## WHAT THE TASK REQUIRES
Retype exactly the lines from the one that contains "Race equality week powered by Lloyds" through the end of the listing, both included, but not the pictures.
##### SOURCE MATERIAL #####
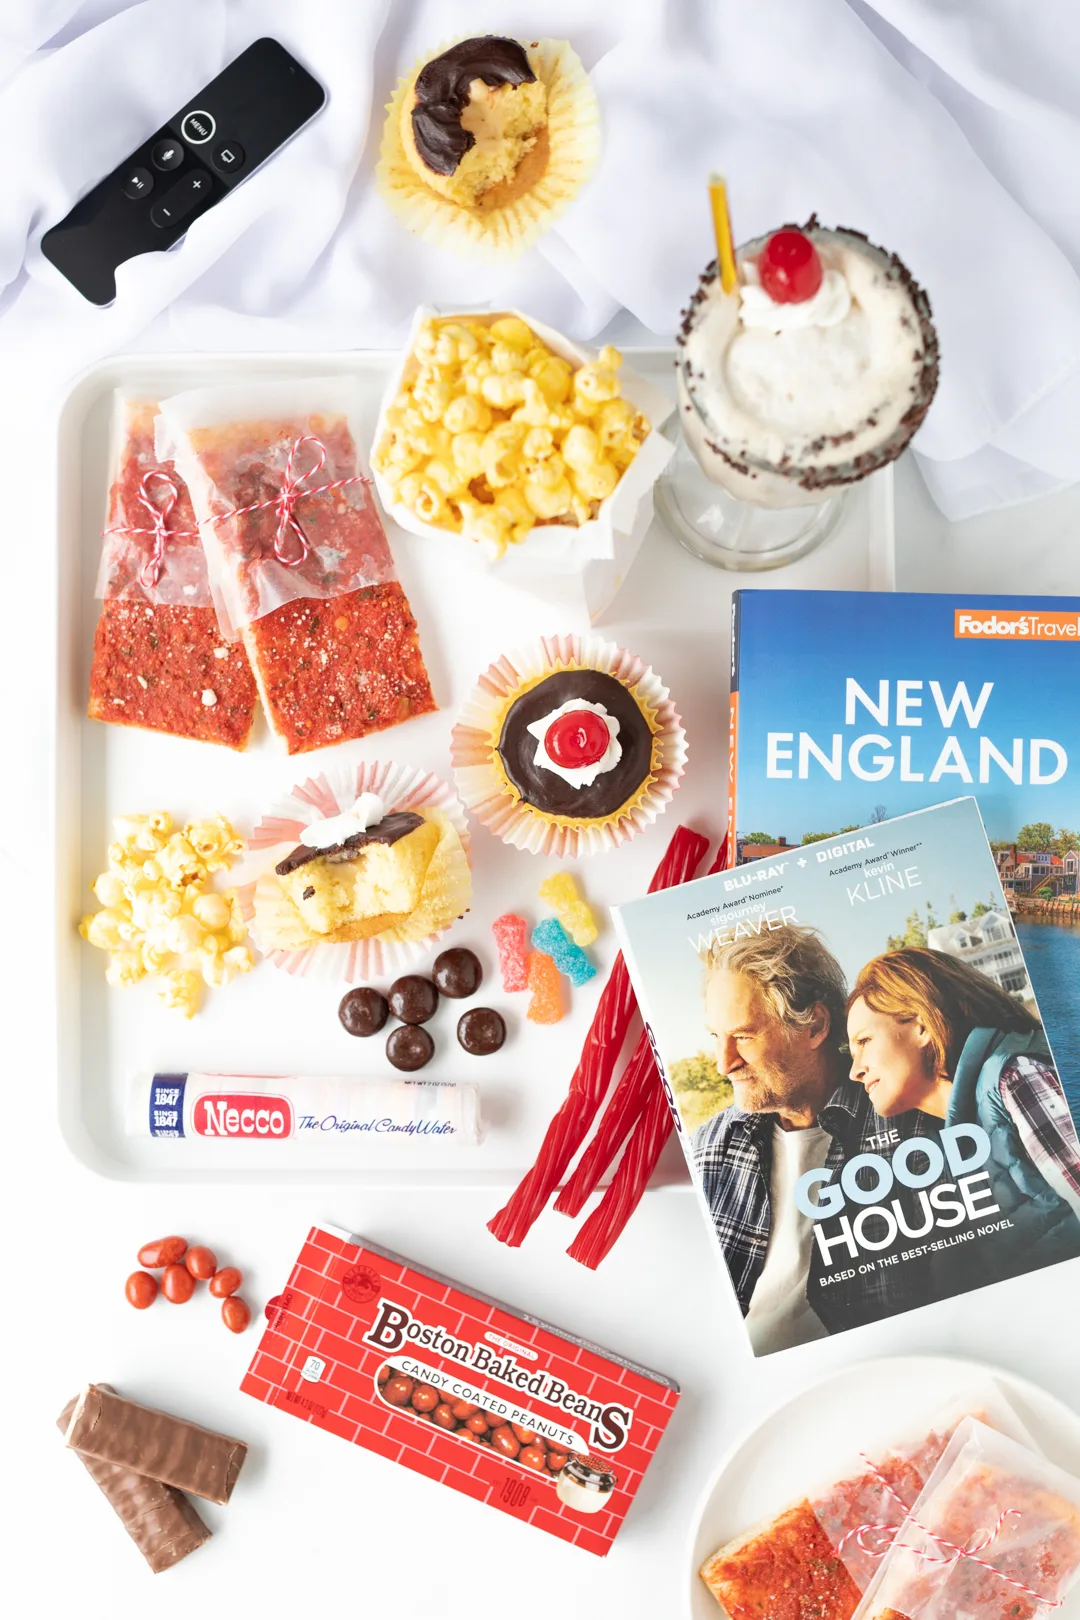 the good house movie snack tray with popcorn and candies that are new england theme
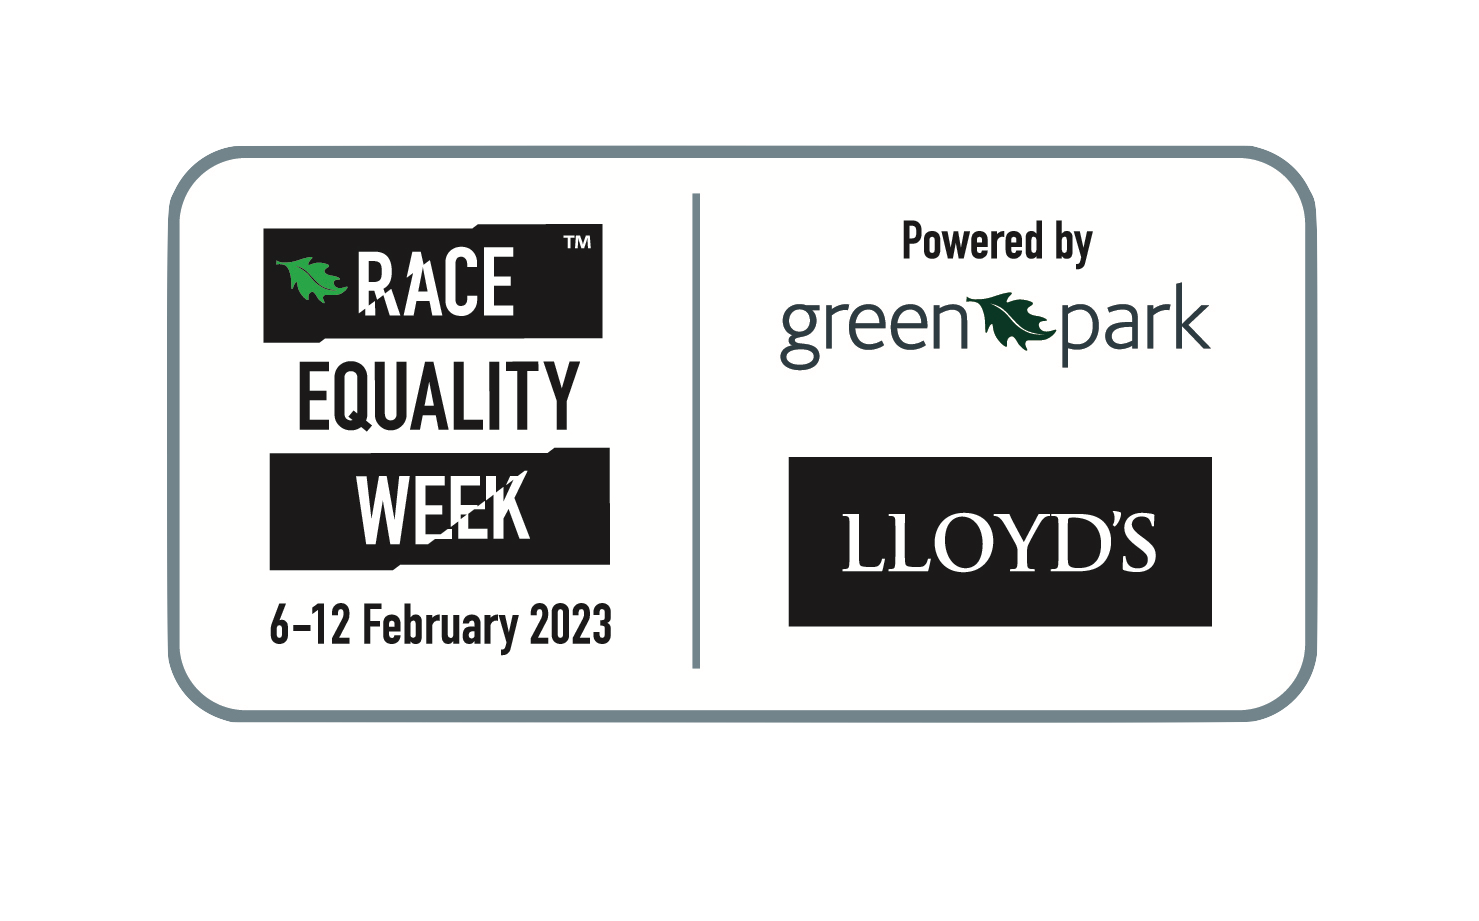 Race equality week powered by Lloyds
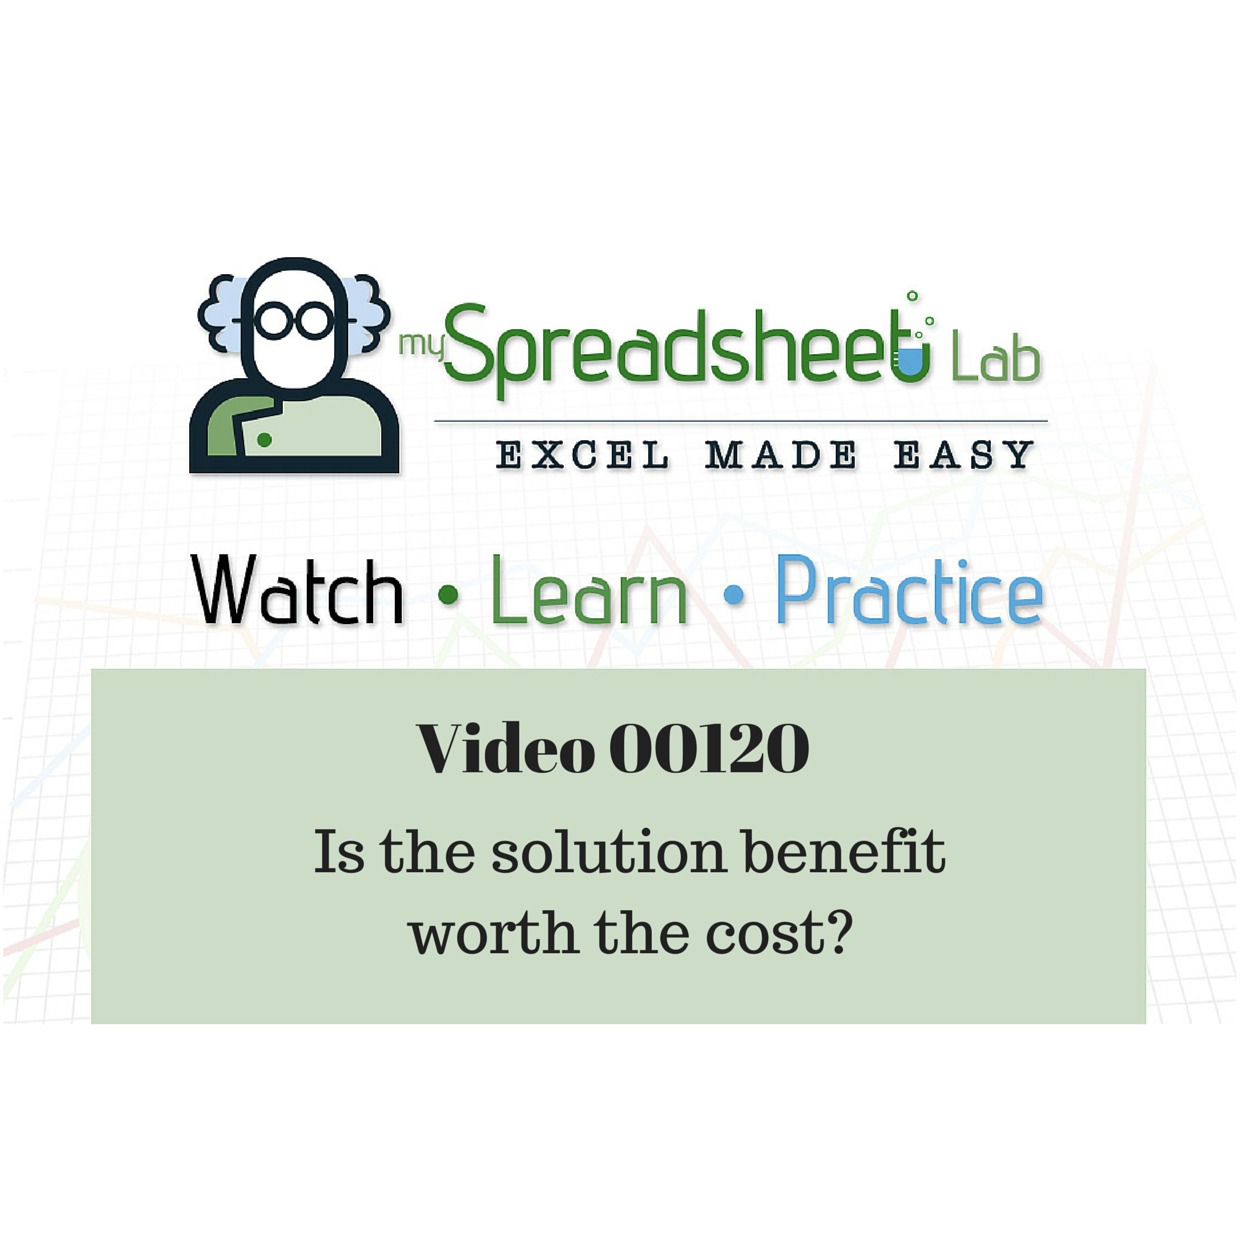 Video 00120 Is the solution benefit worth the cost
#####
## ANSWER AREA
 Race equality week powered by Lloyds
 Video 00120 Is the solution benefit worth the cost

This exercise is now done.